The last entry — recursive field name collection — is done by collectSchemaFieldNames(). It walks the entire request body schema tree up to 5 levels deep and gathers every property name. This guarantees that a user asking "what is the metadata field?" or "how do I send agent information?" will match the correct operation's indexed entry even if those field names appear past the 8,000-char snippet cutoff.

Keywords are capped at 40 entries per operation.

Step 2c — API Error Code JSON files

The loadErrorCodeEntries() function reads all *-api.json files from docs/03-developers/5-convenient-checkout-api/4-error-codes/. One indexed entry is created per individual error code.

File structure

Each *-api.json file has this shape:

{
  "apiName": "Payment API",
  "apiVersion": "v2",
  "basePath": "/v2/payments",
  "searchKeywords": ["error code", "api error", "payment error", "troubleshooting", "http status", "validation error", "error message", "error handling"],
  "categories": [
    {
      "name": "Authorization error",
      "errors": [
        {
          "id": "v2-payment-merchant-not-linked",
          "title": "FORBIDDEN",
          "httpStatus": "403",
          "message": "403 FORBIDDEN. RequestId: ${x-request-id}",
          "scenario": ["..."],
          "resolution": "...",
          "description": "..."
        }
      ]
    }
  ]
}

The `searchKeywords` field

Each JSON file contains a root-level searchKeywords array. These terms are placed first in the summary field (the prioritizedKeywordsFields slot in the semantic configuration), giving them the highest ranking weight in Azure AI Search.

This ensures that any user query containing words like "error", "troubleshooting", "http status", or "validation error" will reliably surface error-code entries above general documentation pages.

To add or adjust search priority terms for an API's errors, edit its searchKeywords array:

// docs/03-developers/5-convenient-checkout-api/4-error-codes/payment-api.json
"searchKeywords": ["error code", "api error", "payment error", "troubleshooting", "http status", "validation error", "error message", "error handling"]

How each error entry is built

Field	Value
`title`	`[Error Code] {error.title} ({apiName})`
`snippet`	`[Error Code] {apiName} — {category} \| HTTP {status}: {title} \| {message} \| {scenario} \| {resolution}`
`headings`	`[apiName, category, error.title, "error code", "troubleshooting"]`
`keywords`	`searchKeywords` from file + `["error", "error code", "troubleshooting", apiName, httpStatus, id, category]`

The [Error Code] prefix in both title and snippet gives semantic re-ranking an additional signal that these entries are specifically about error handling.

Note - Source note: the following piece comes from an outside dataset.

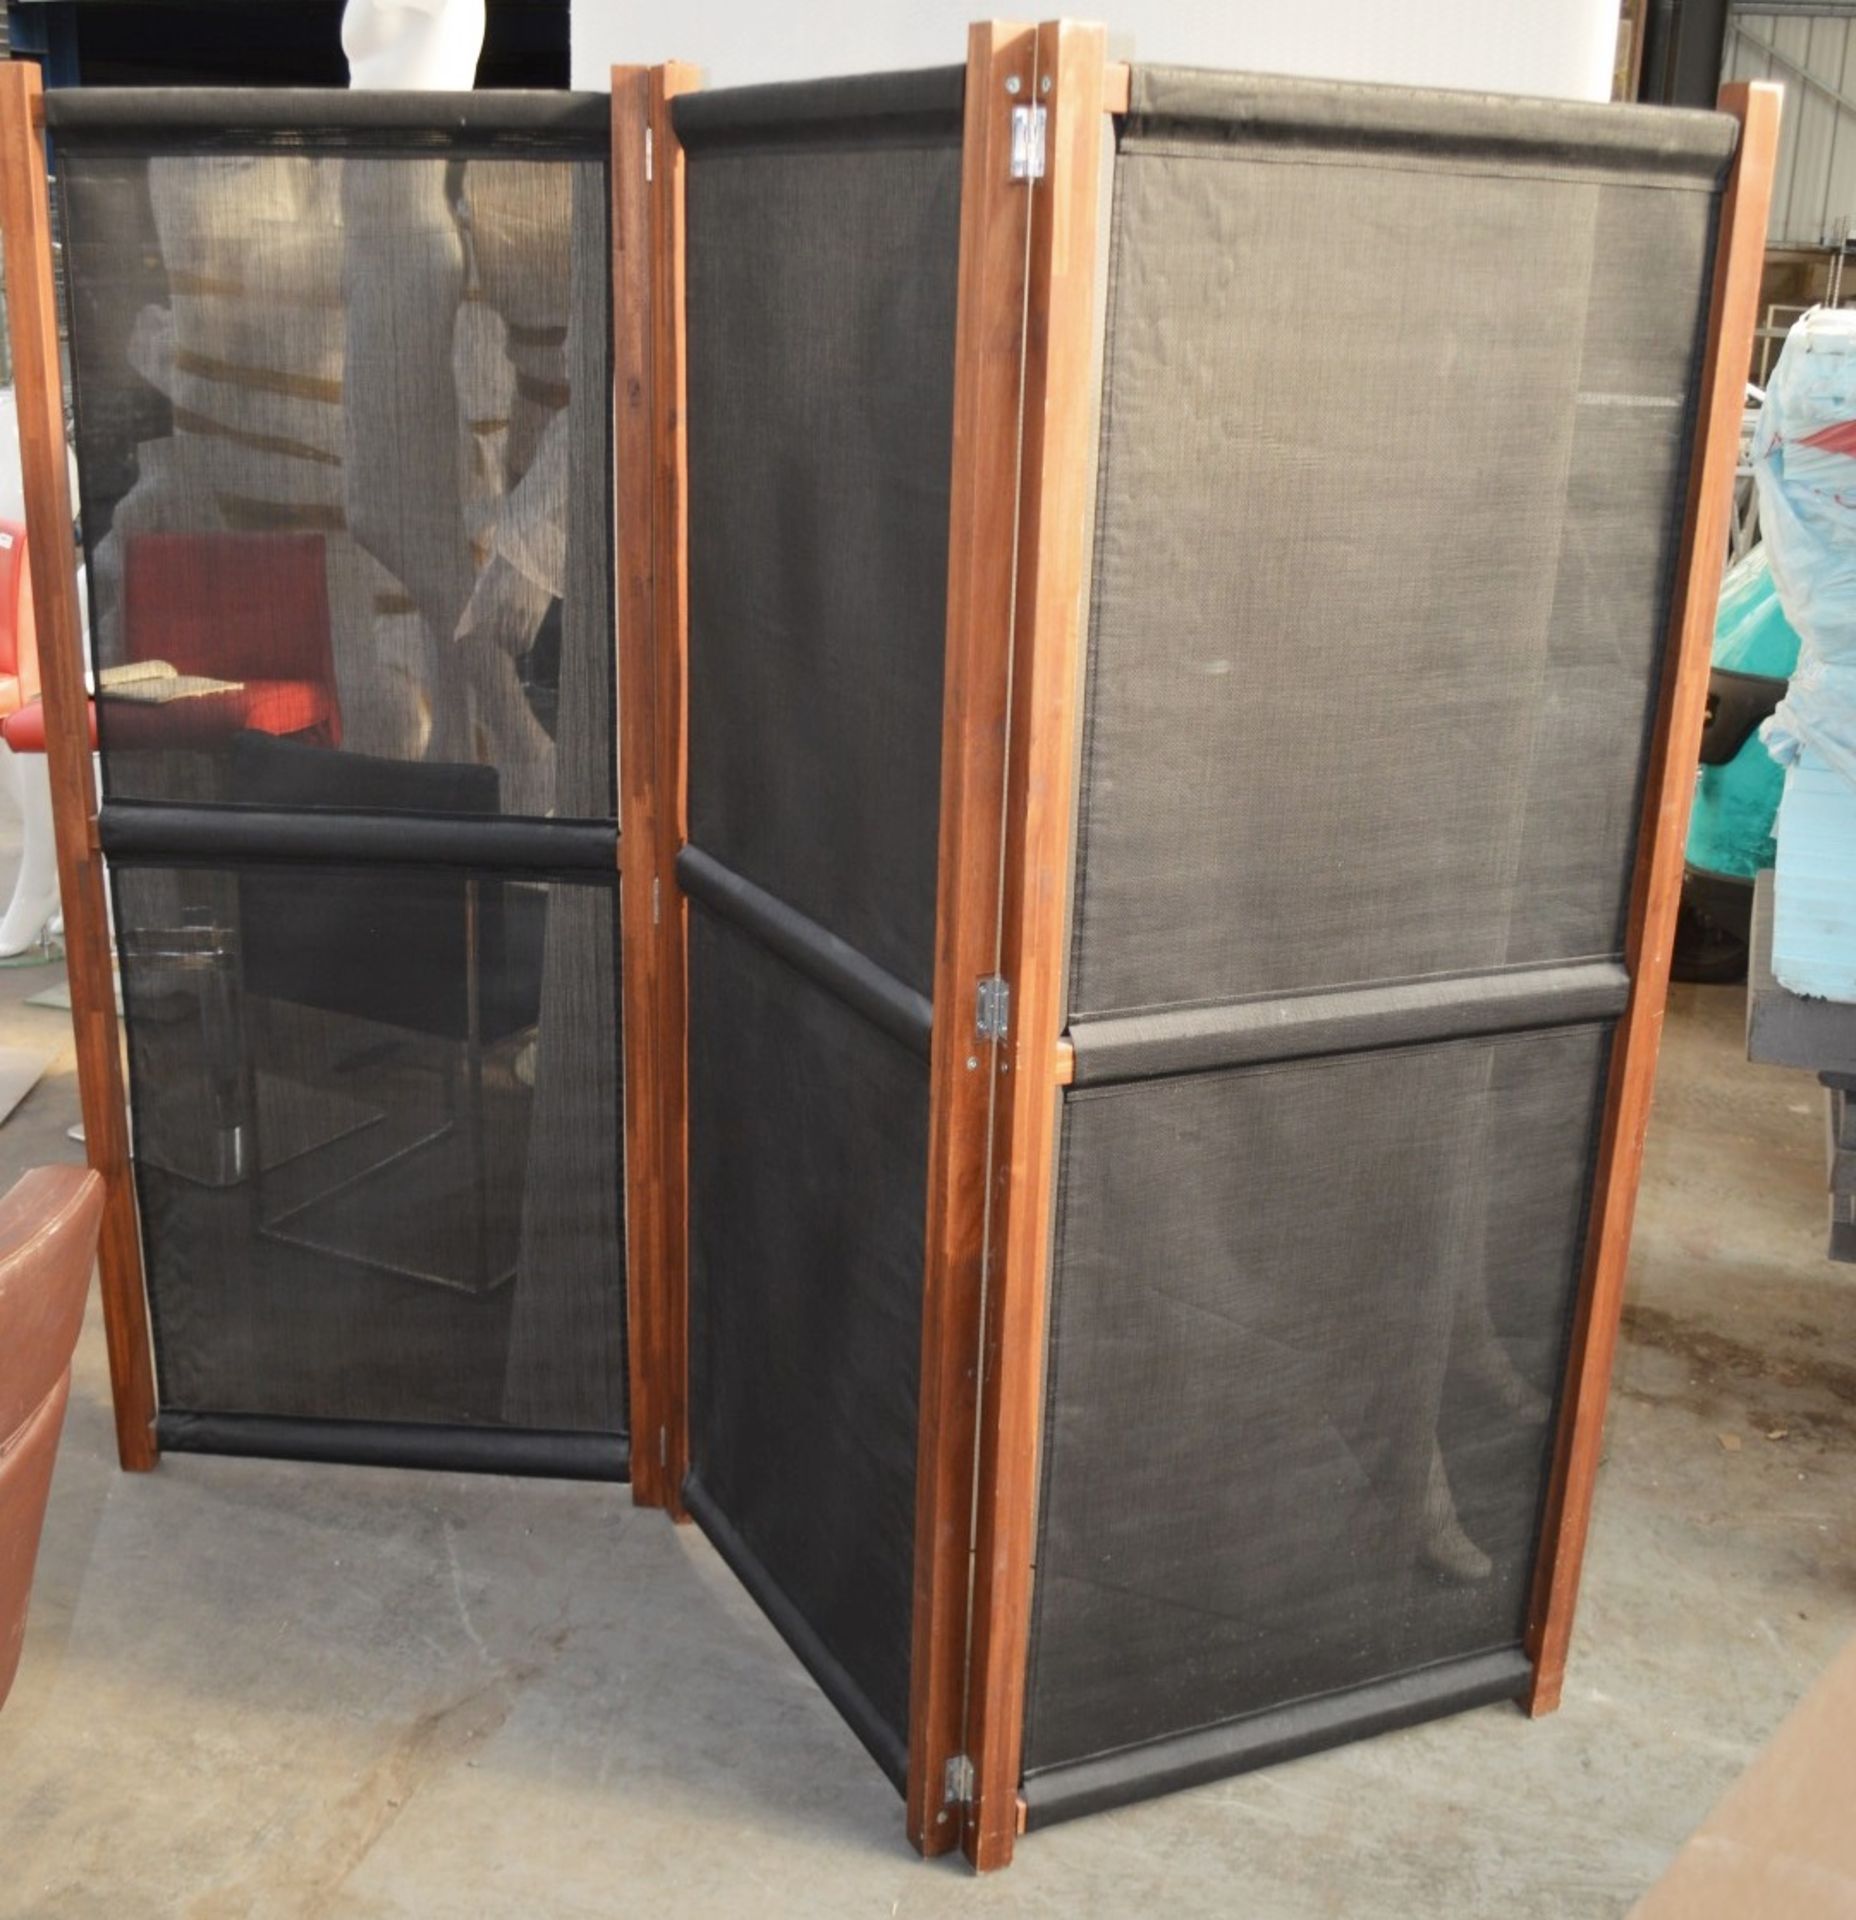 1 x 3-Panel Dressing Screen / Divider  - Dimensions (approx): H180 x W135cm - Ref: MHB115 - Image 2 of 4

Step 2d — UI Validation Error JSON files

The loadUiErrorEntries() function recursively walks docs/03-developers/4-convenient-checkout-ui/13-Error-Messages/ and reads all *-validation-data.json and *-form-validation-data.json files. One indexed entry is created per file.

Why JSON files are not modified

These files are imported directly by MDX pages as plain arrays:

import cardValidationData from './card-validation-data.json';

Adding a root-level searchKeywords field would change the array structure and break those imports. All keyword enrichment is therefore derived from the folder path and filename entirely within the upload script.

How context is extracted

The walker passes folderContext down through each directory level, accumulating the folder names:

13-Error-Messages/
├── Wallet Mode/          ← folderContext = "Wallet Mode"
│   └── Payment Method/   ← folderContext = "Wallet Mode Payment Method"
│       └── card-validation-data.json
└── Payment Mode/         ← folderContext = "Payment Mode"
    └── card-validation-data.json

The context words (wallet, mode, payment, method) are extracted from folderContext and added to keywords. The payment type (card, ach, telephonic) is derived from the filename.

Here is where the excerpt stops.